Interestingly, the malt in question was, on paper, extremely standard. It’s a version of Munich malt (a malt originating from, you guessed it, Munich, which is famed for its amber color, complexity, and deep maltiness) made by a very reputable maltster, Weyermann (arguably the superlative German maltster), with a single tweak: the Barley varietal is different from the standard one. Is this enough to essentially ruin a malt? And while we’re at it, what did the “dark” Munich malt I used add to the beer?
Following the same protocols as last time, I conducted what amount to mini-mashes, broke out a notepad, and jotted down my thoughts, which I’ve tossed below without any editing
Standard Munich
Appearance
Bellini; pale amber, vague pink perhaps
Aroma
Almost cheeze it, toast, welsh rarebit
Savory biscuit, maybe triscuit
Grainy, slight cheese perhaps, like parmesan
Flavor
A touch of chain restaurant salsa; triscuit, whole grain toast
Beautiful; bready, bread crust, malt bomb, a touch of the goldfish, slight toffee and nut (perhaps hazelnut; vague nutella)
Plausible black currant or grape, if so very quite; not much else in the way of fruit; perhaps apple fruit leather, actually
Barke Munich
Appearance
Virtually identical to that of the standard Munich
Aroma
Quite subtle; buttered whole grain toast, perhaps, not much else
Flavor
Quite a bit funkier, almost blue cheese
A vague acidity, almost
Much lighter on the bread notes
There's almost a very quiet rancidity
In a saison or dark sour, I can see this working gangbusters, but I have no intention of using this in any other beer in the near future
Appearance
A porter on the paler side
Aroma
A lovely, bracing dark aroma - dark rye toast, parmesan crisp, candied ginger
Flavor
Bracing immediate slight astringency, black currants, pumpernickel, slight acidity, demarara sugar
My beer!
Aroma
hard to place; funky fruit mixed with a copper-y maltiness; almost a weird, funhouse mirror bitter
Flavor
Pennies, dark toast, marmelade, slight bubble gum, mineral water, blackstrap
Conclusion
While it can be fun to try new ingredients and special varieties, clearly there is some risk involved in deviating from the tried-and-true classics.

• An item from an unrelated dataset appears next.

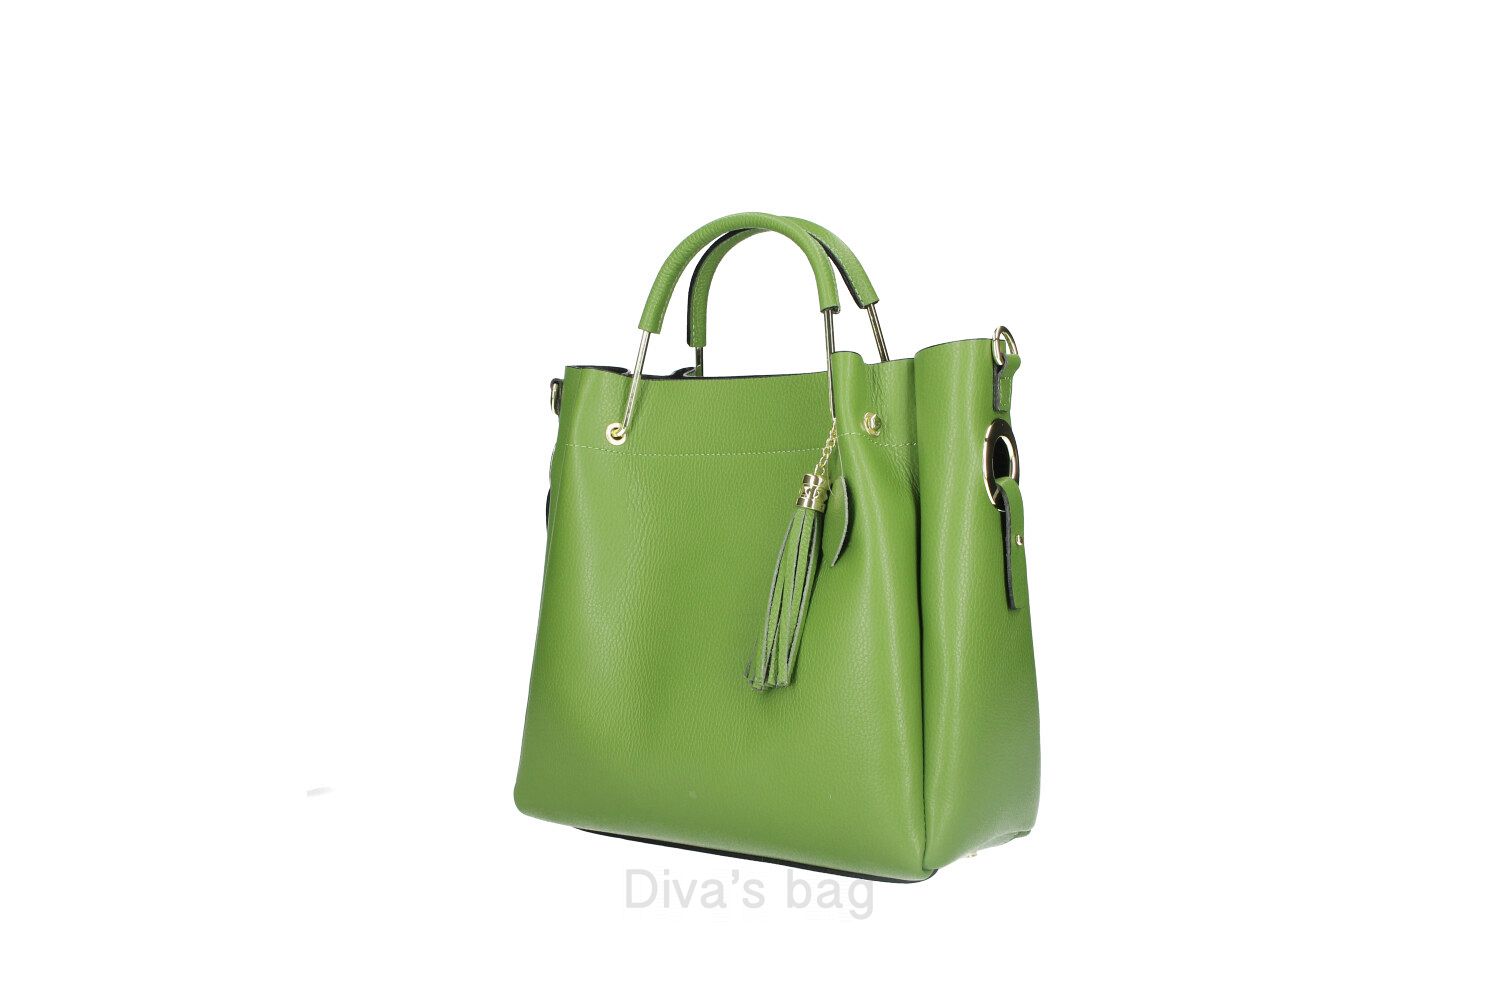 Wanda - Maxi Leather Handbag Dollaro

While I’ve had great luck using floor-malted British base malts, for example, I also ruined two beers with recipes so simple they’re otherwise impossible to truly mess up using this insane malt. And even then, I should note that I think this malt would be a wonderful, small percentage of a jazzy Bock or a Flanders Red or Oude Bruin, so there is some value to rolling the dice and brewing a beer blind, but even then, the more of these teas I do, the more I’m convinced of the wisdom in evaluating ingredients before using them. Crazy idea, huh?